The People Have Spoken
“I always tried to explain that democracy is not perfect. But it gives you the chance to create your own destiny.” Aung San Suu Kyi
With my thirteen-letter surname, that some have a problem pronouncing, and my relentless effusion of all things Greek, I’m often asked about the situation in Greece. How is the economy? Have things improved? What do you think about the election results?
I’m happy to talk about Greece and my impressions, but I can’t pretend to know, in any depth, anything about its economy, its politics or even how the ordinary Greek person lives. All I have is opinions. For what it’s worth here they are.
Six years of recession and austerity measures have crippled the country and left many Greeks financially strapped, psychologically dejected and emotionally disheartened. However, the family is a source of strength and families have helped each other weather the economic storm. Unlike Canada and the United States, where personal debt is high, the amount of personal debt in Greece is low. This helps, as does the Greek habit of socking away for rainy days. Yes, savings are dwindling, but at least it was there to draw from when it was most needed.

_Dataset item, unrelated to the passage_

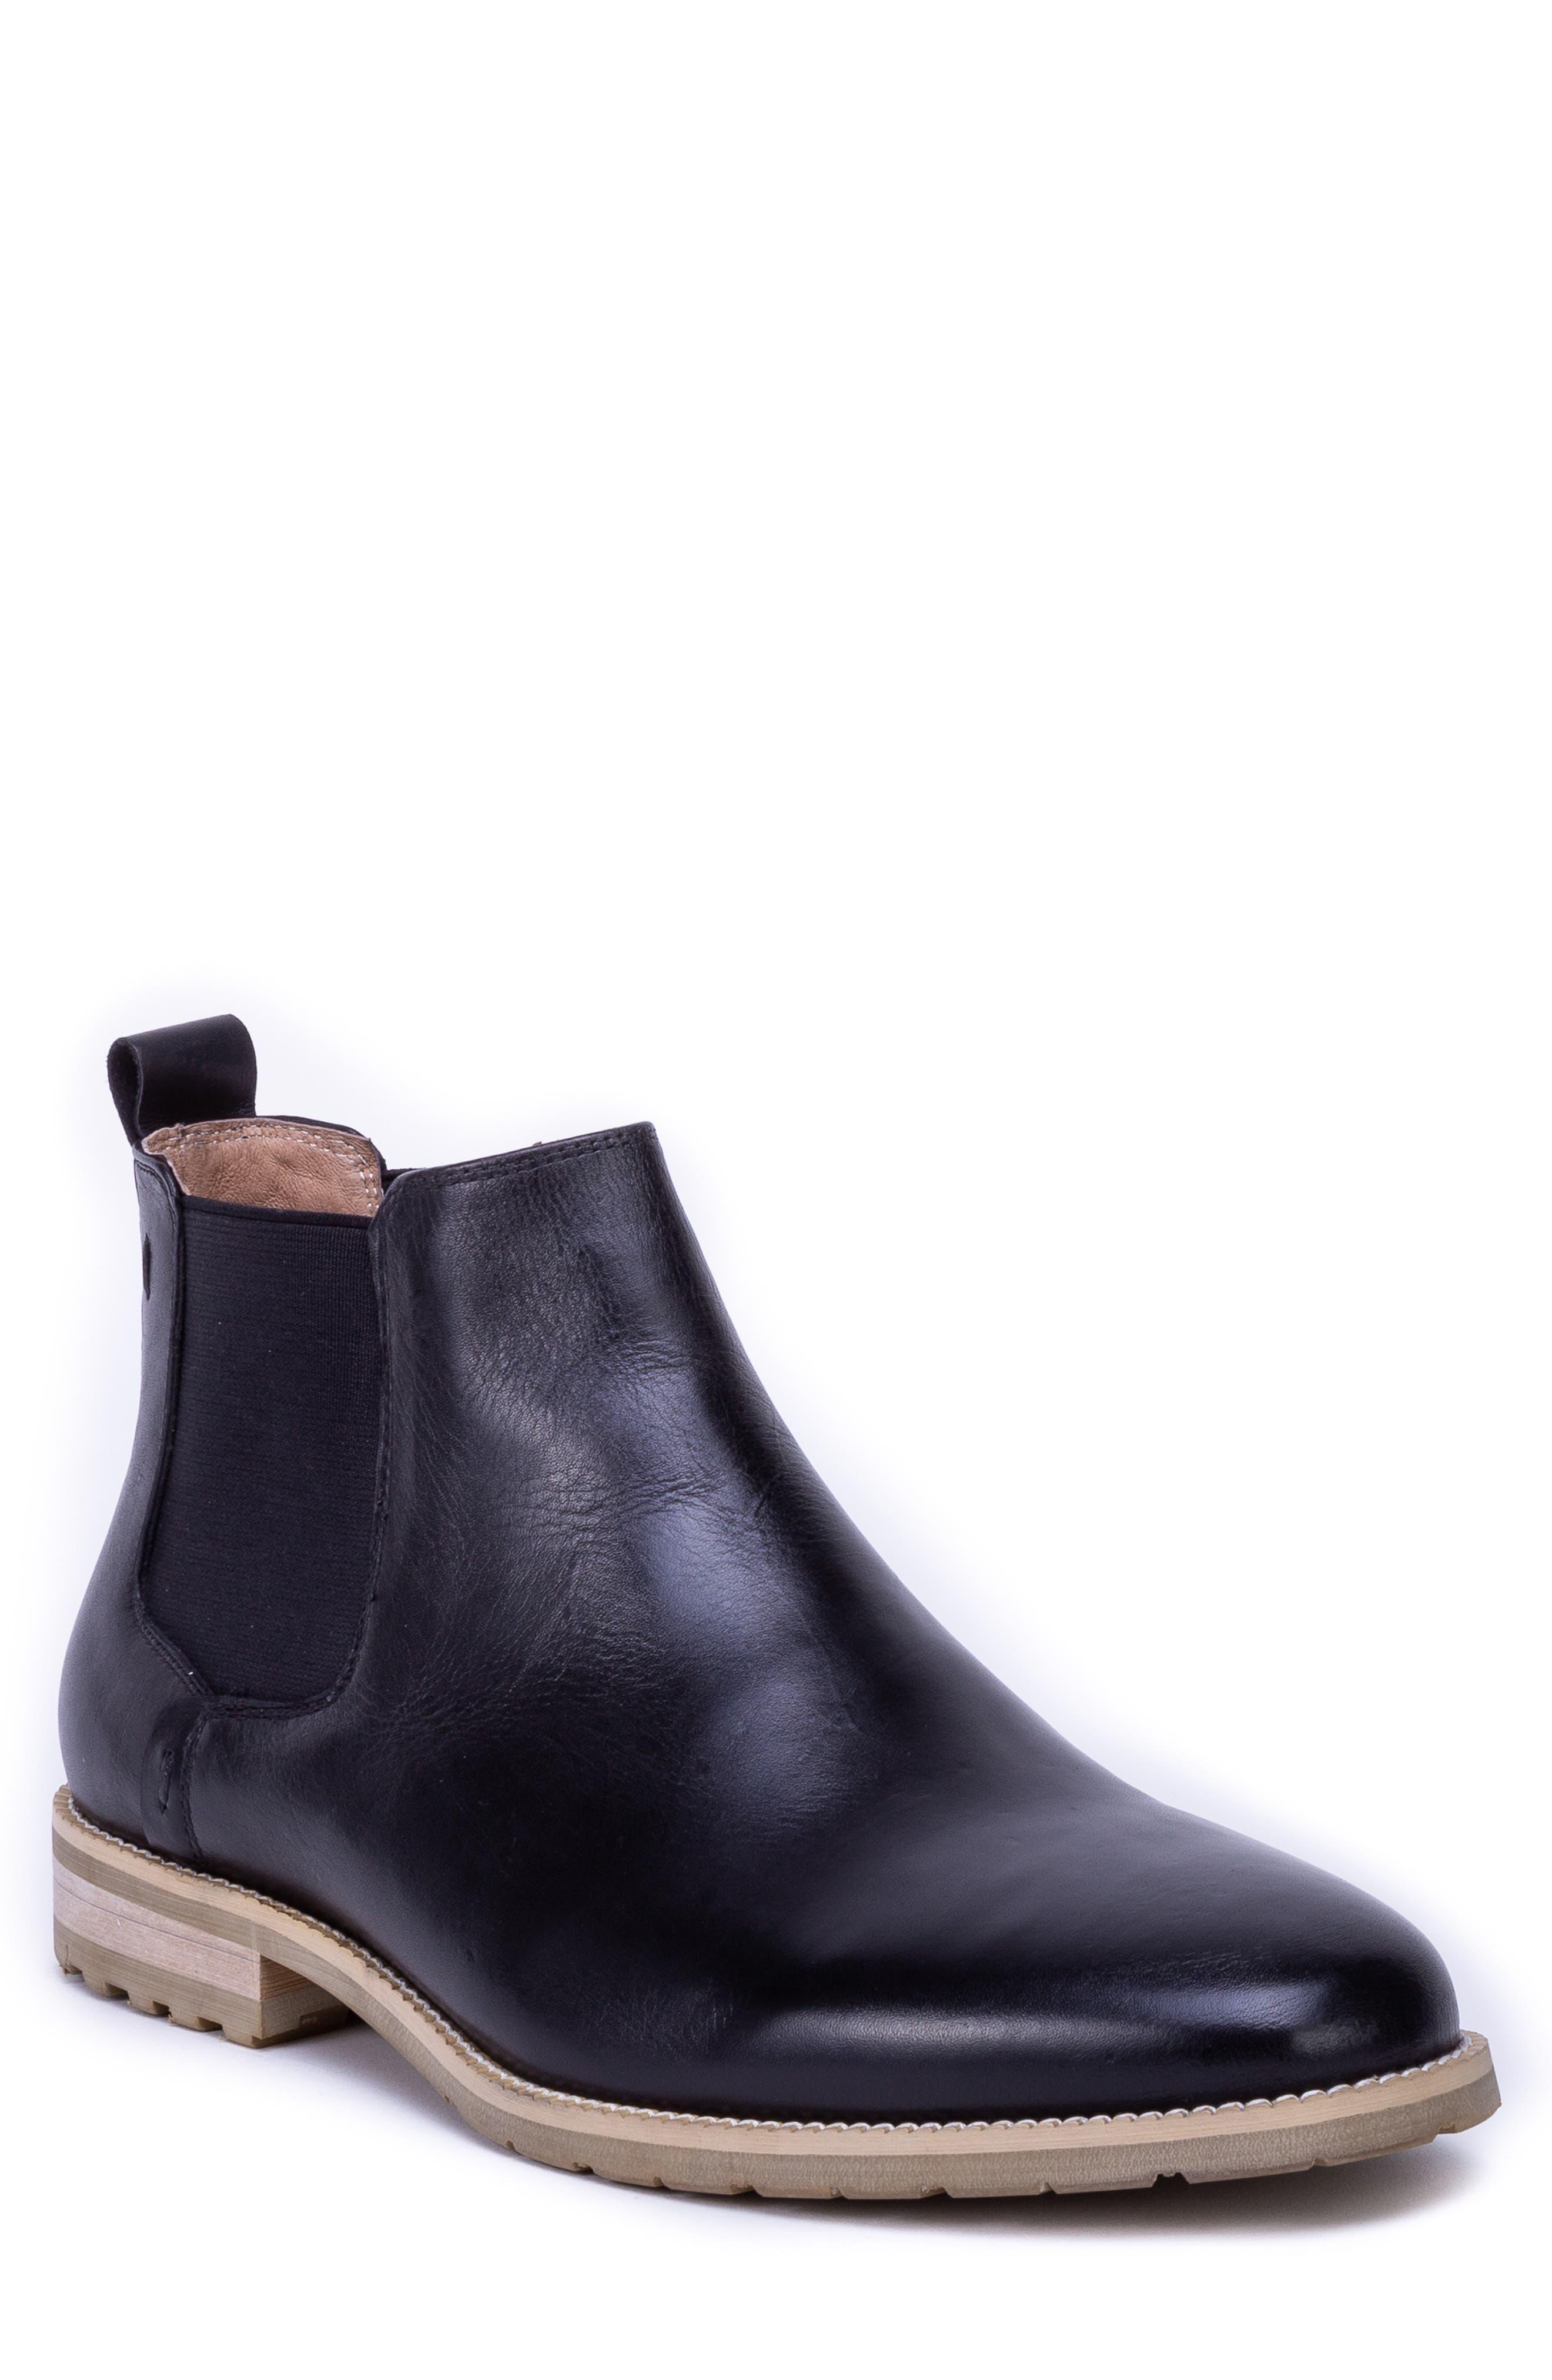 Zanzara Woody Chelsea Boot- Black

The economy, on the surface, seemed to be recovering when we were in Greece in November. There were lots of new businesses, unemployment had gone down slightly, tourism had bounced back and coffee shops and restaurants were full. But when I made that remark, most told me that this proved nothing. “People were still suffering.” Greeks do tend to be fatalists (it takes one to know one), but who was I, a foreigner on vacation, to question them.
In terms of the elections, I was initially worried and thought it might destabilize the progress that had been made on the economic front. But I’ve reconsidered. Perhaps a shake up and a different approach was exactly what the country needed. Austerity, alone, hadn’t led to a whole lot of growth or any significant lasting change.

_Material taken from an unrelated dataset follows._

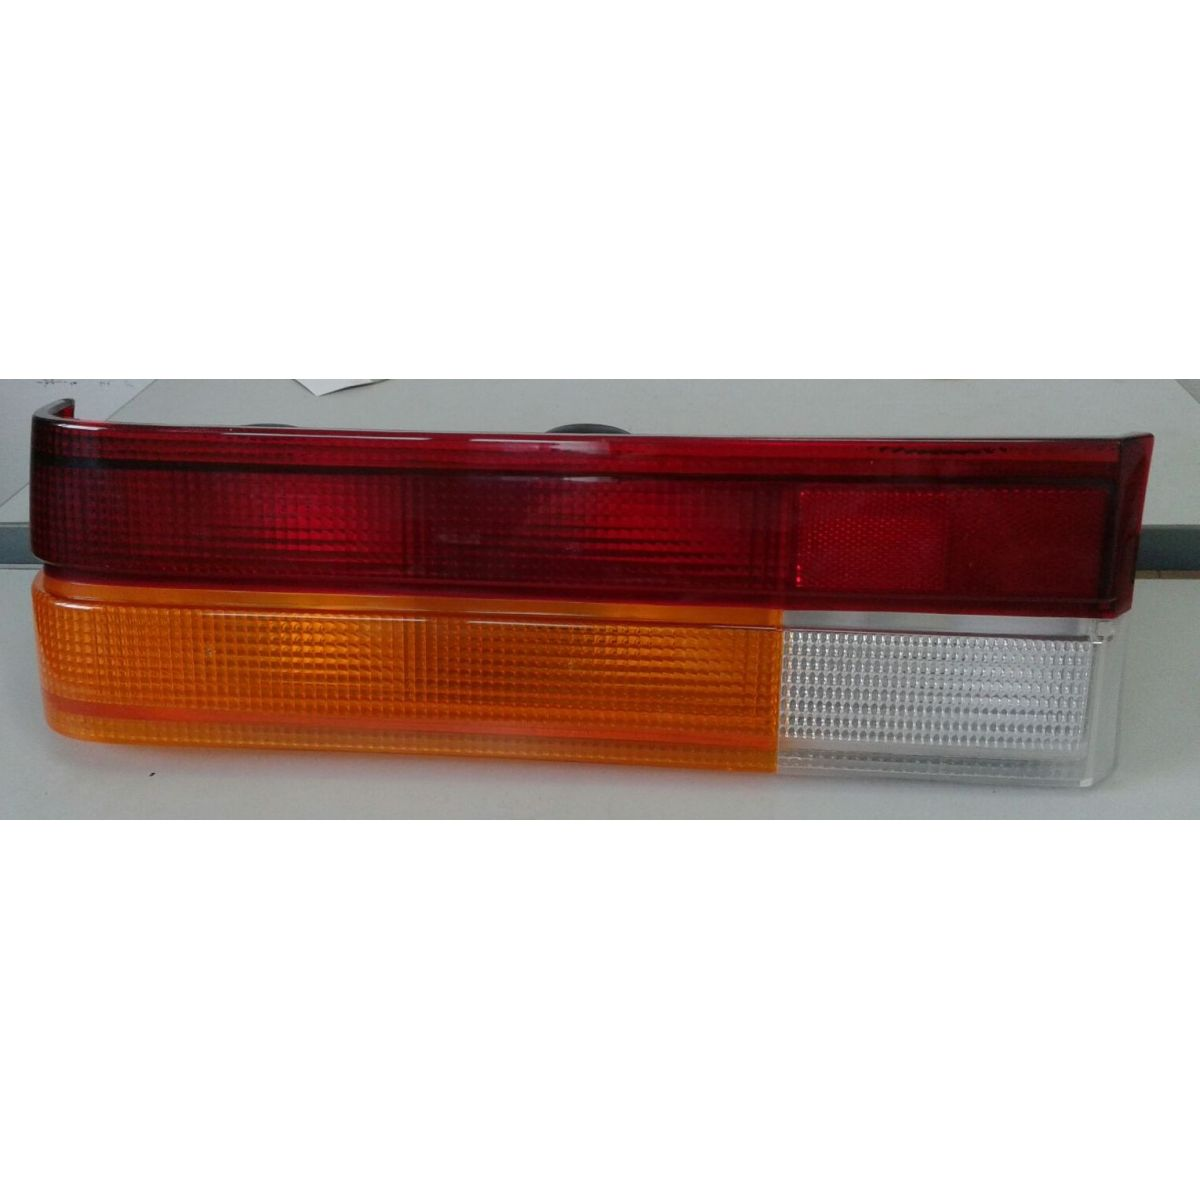 Lanterna Traseira Opala 85 a 87 Tricolor  - Amd Auto Peças

I’m glad that Syriza came so close to a majority. Majorities are needed to get things done. It also reduces the finger pointing and resulting confusion if things don’t work.
I’m also happy to see that in the birthplace of democracy, people exercised their right to vote and made their feelings known. CBC’s senior business correspondent Don Pittis said it better than I can: “For those of us who may have grown cynical about democracy and the power of money to influence elections, the Greeks have taught us a wonderful, upbeat lesson. People will accept a lot of hardship in exchange for stability, but they will only be pushed so far. This is a warning to financial markets everywhere that for good or ill, in a democracy voters get the final say.”
My biggest disappointment with the Greek election was the return of the far right neo-Nazi party, Golden Dawn. I had hoped that they would be annihilated and sent back under the rock many of its members crawled from under. Most are currently in jail on various charges ranging from murder to extortion. Yet they garnered third place in the elections last week.
It’s a sad commentary on Greek society that those who fought so gallantly against Hitler’s Nazis and sacrificed so much could vote for such a party. But memory is short and human beings, like democracy, are imperfect.